(RECORDED INFORMATION begins)

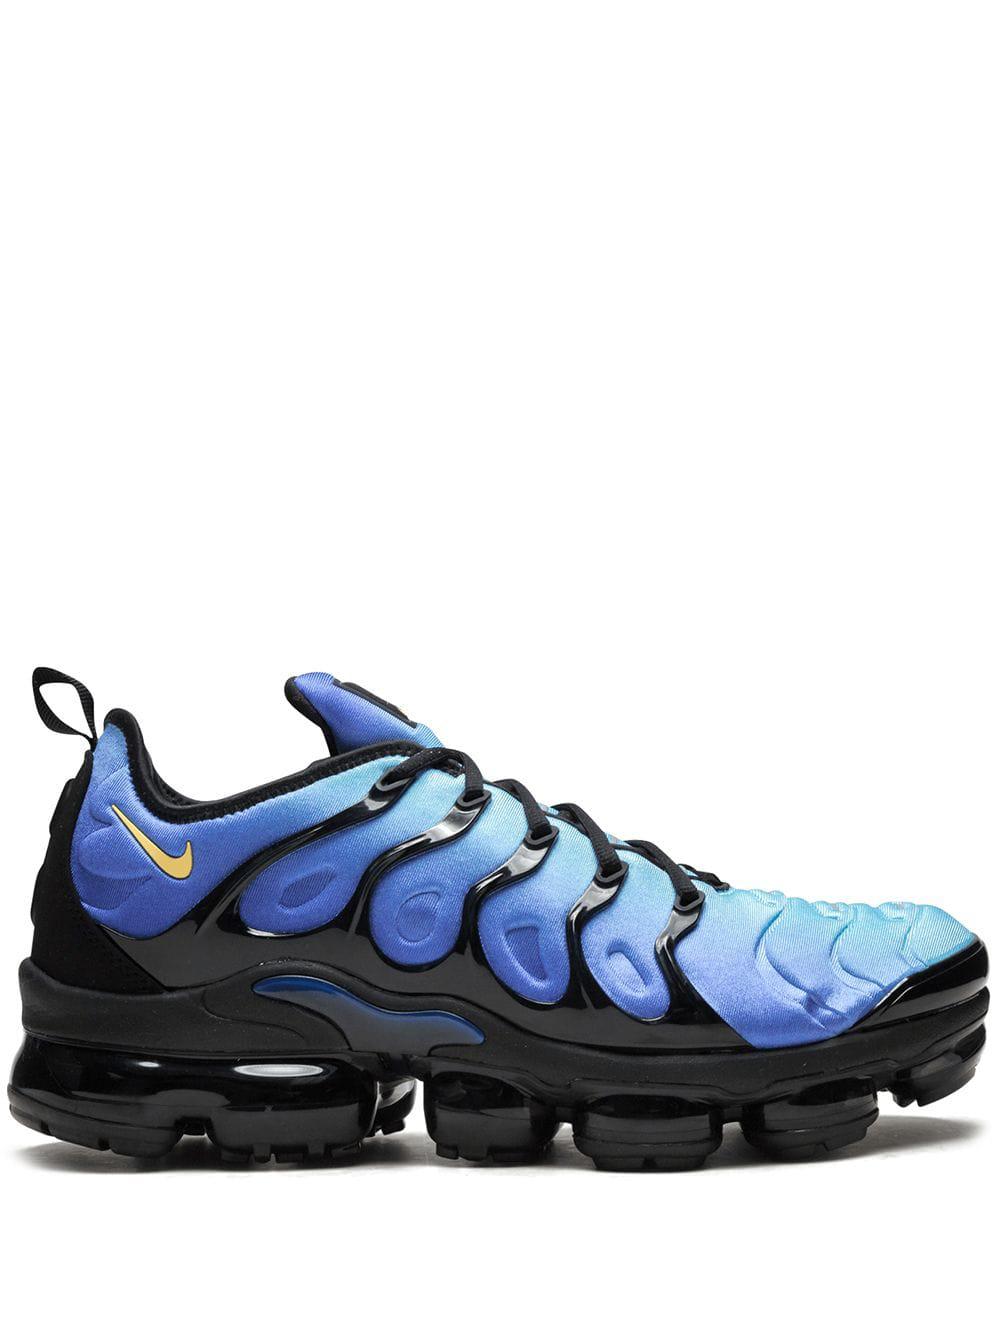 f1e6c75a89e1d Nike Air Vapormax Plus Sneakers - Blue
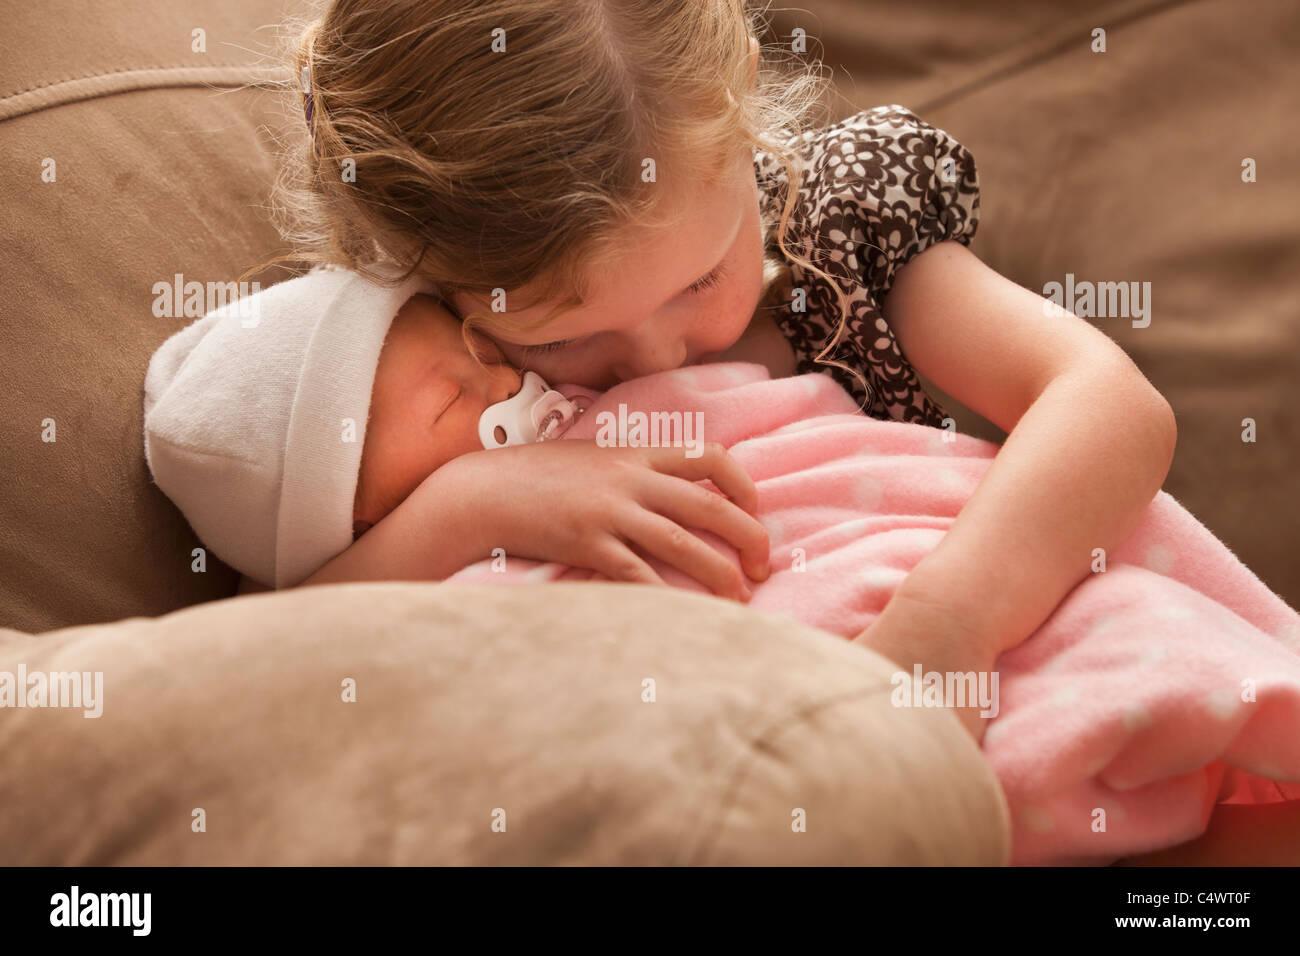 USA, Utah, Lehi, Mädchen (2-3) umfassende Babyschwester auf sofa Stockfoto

(RECORDED INFORMATION ends)
(RECORDED INFORMATION begins)

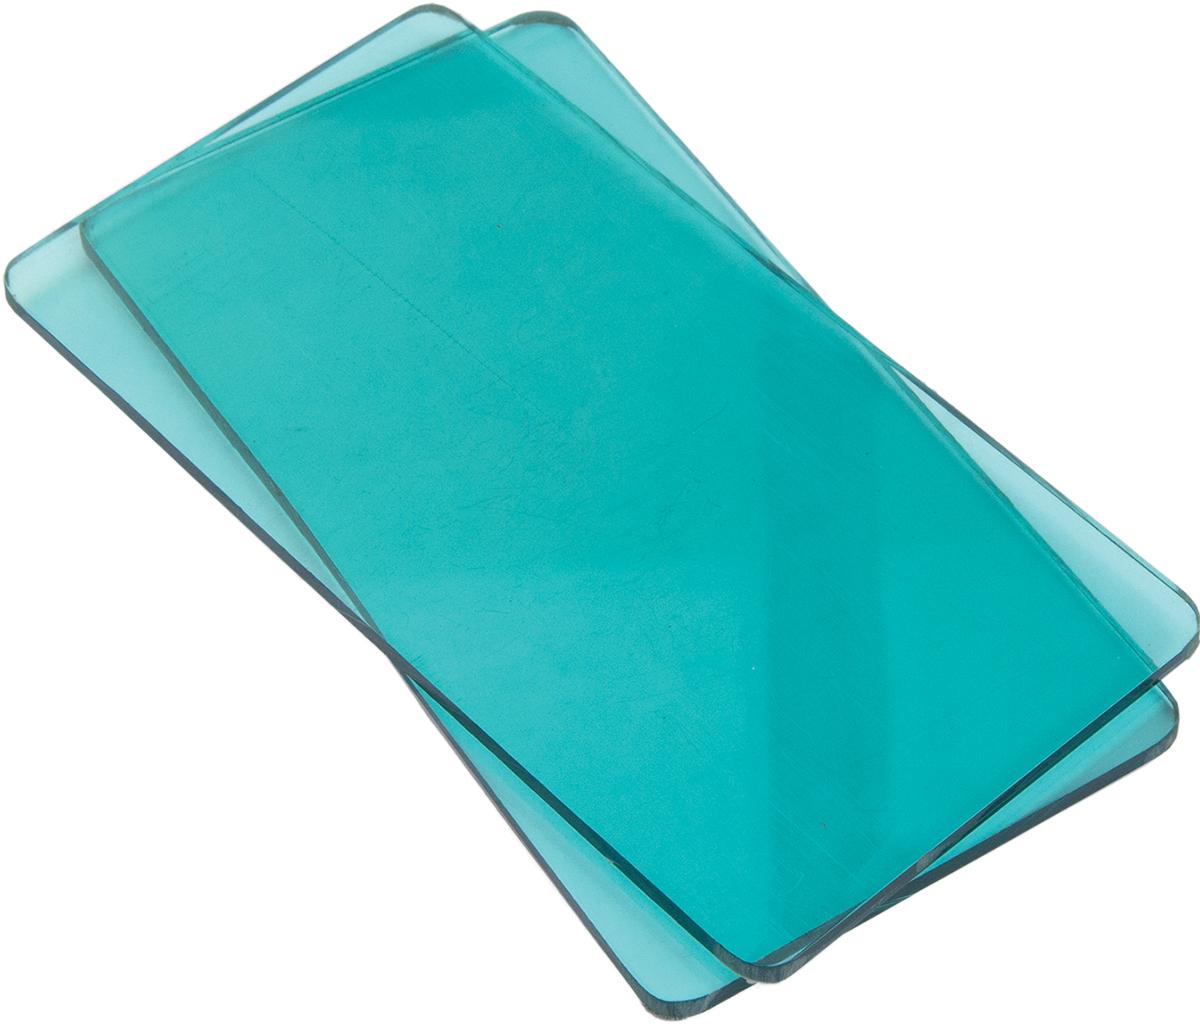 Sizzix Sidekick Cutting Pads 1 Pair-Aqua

(RECORDED INFORMATION ends)
(RECORDED INFORMATION begins)

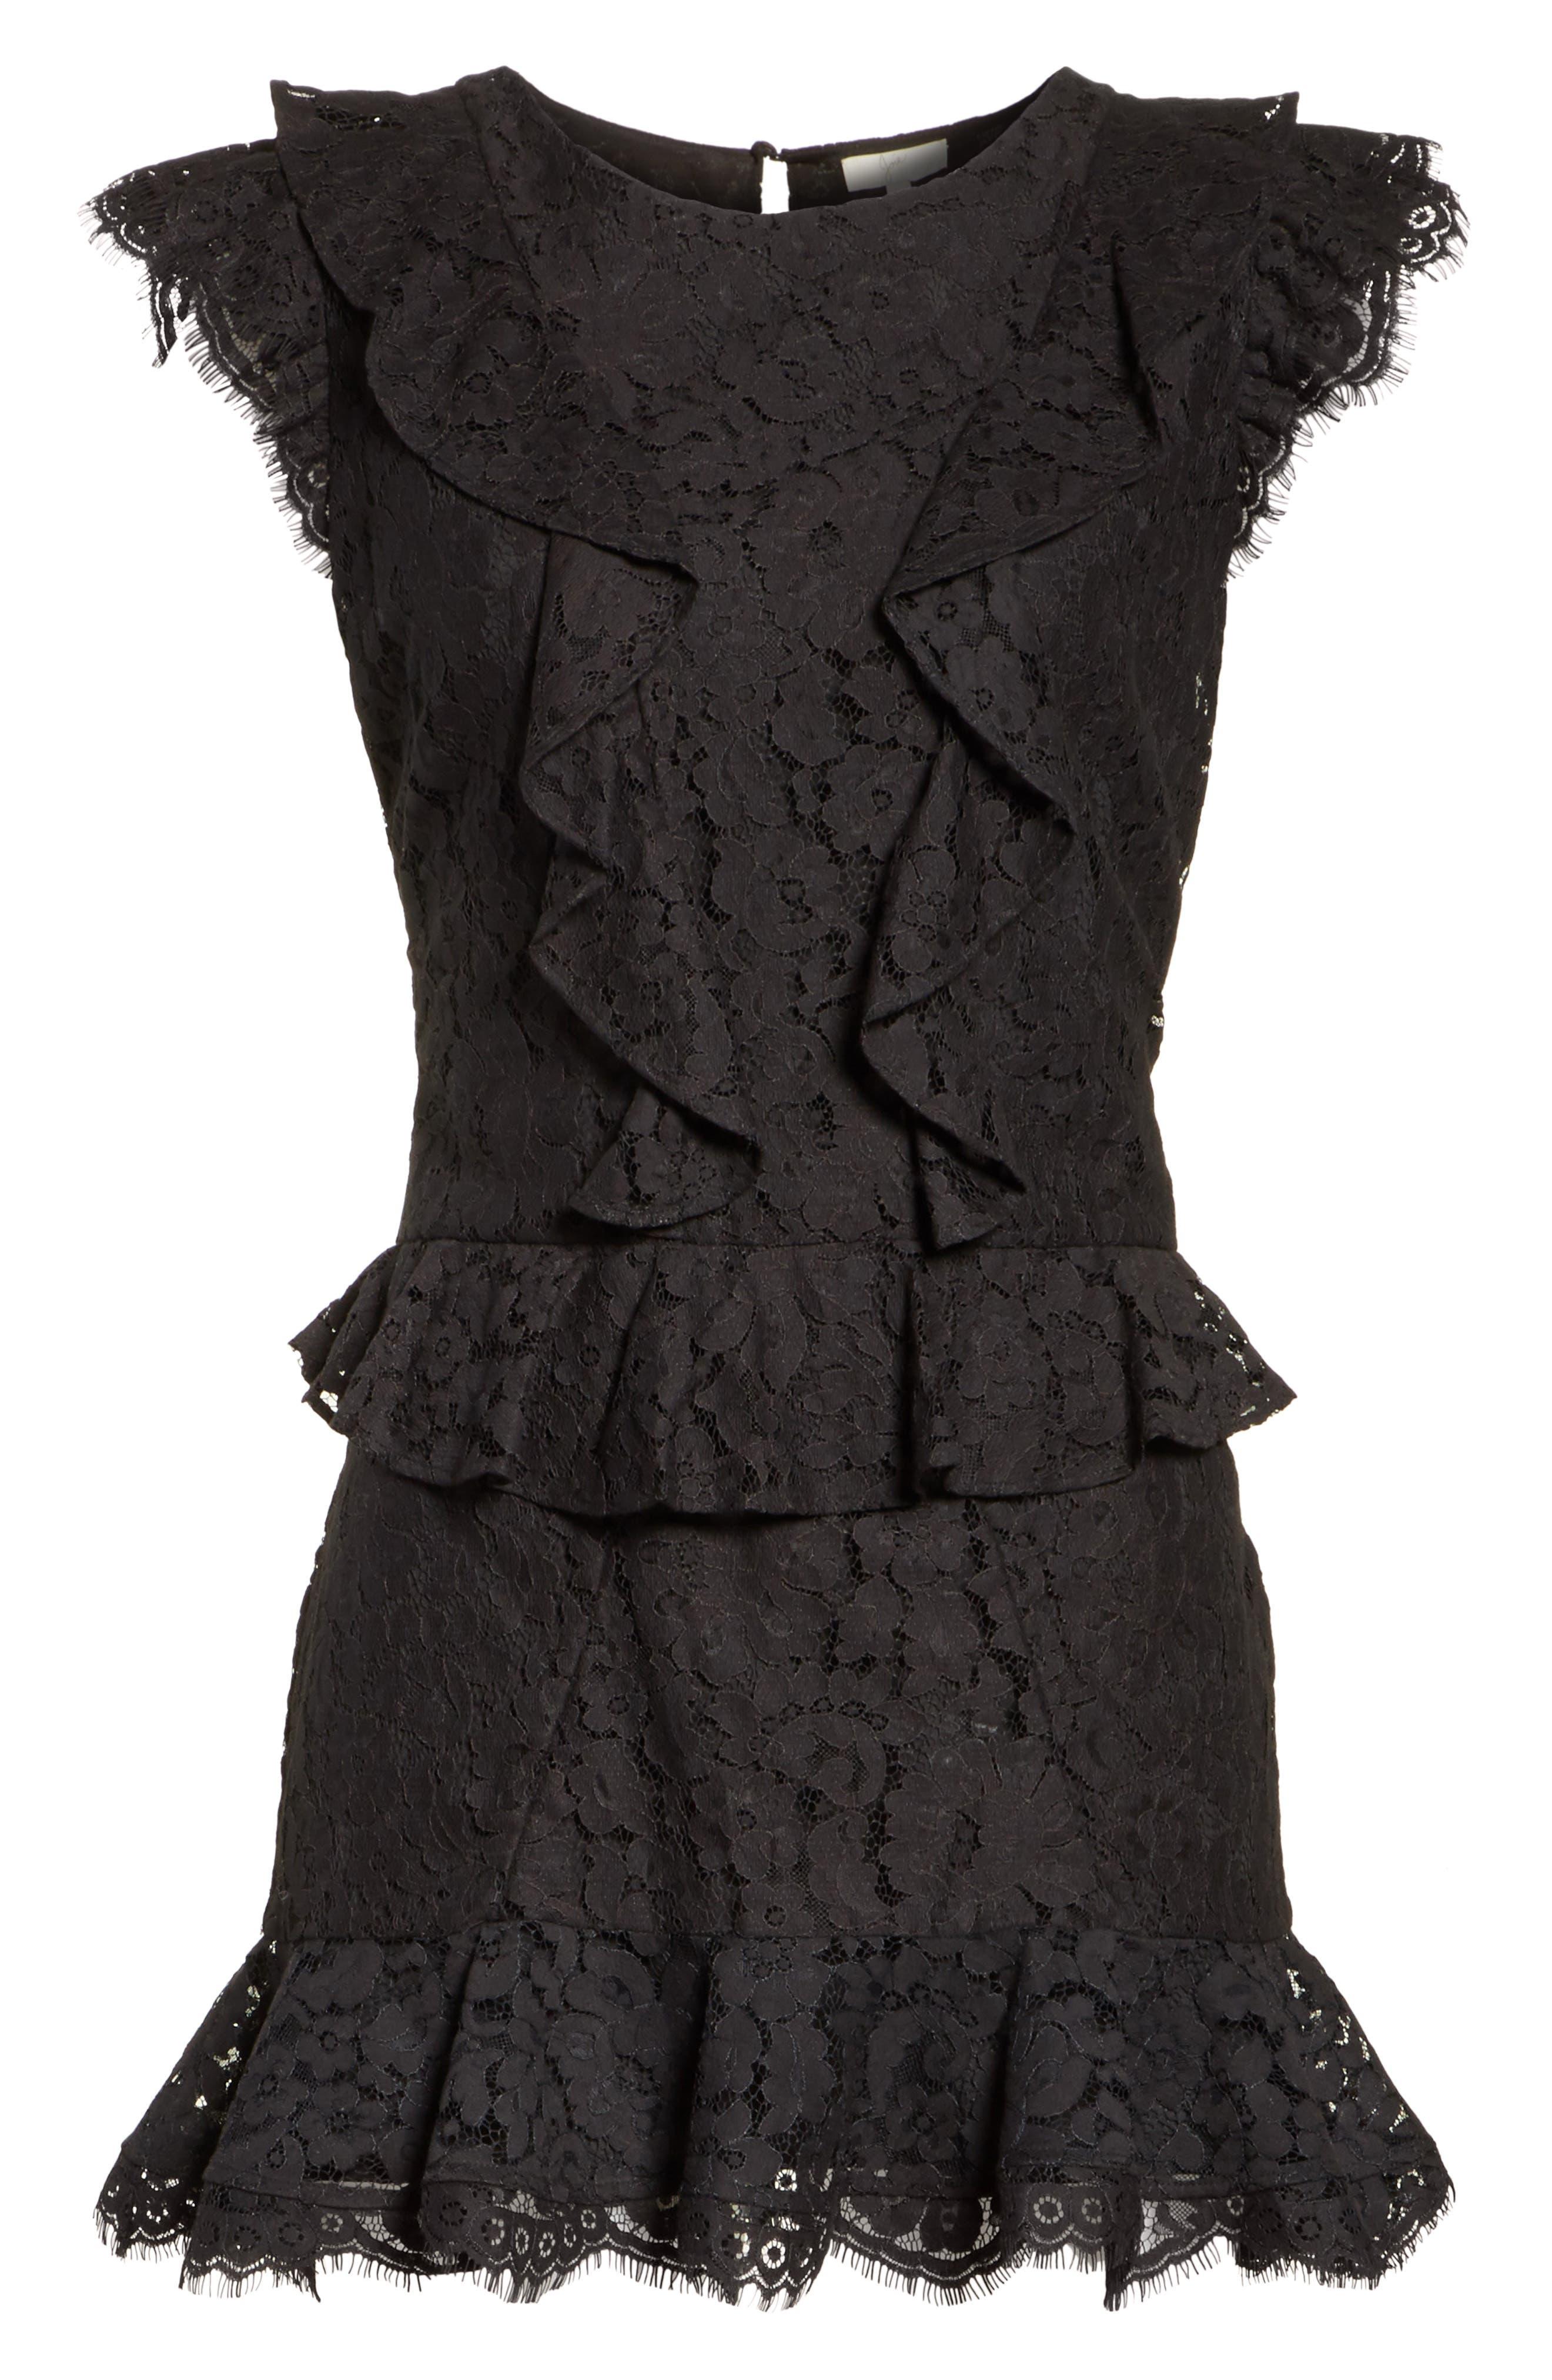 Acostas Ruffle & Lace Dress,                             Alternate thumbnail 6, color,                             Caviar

(RECORDED INFORMATION ends)

TASK STATEMENT
Write out exactly the lines above between the one with "f1e6c75a89e1d Nike Air" and the one with "USA, Utah, Lehi, Mädchen", inclusive, with pictures left out.

COMPLETED EXERCISE
 f1e6c75a89e1d Nike Air Vapormax Plus Sneakers - Blue
 USA, Utah, Lehi, Mädchen (2-3) umfassende Babyschwester auf sofa Stockfoto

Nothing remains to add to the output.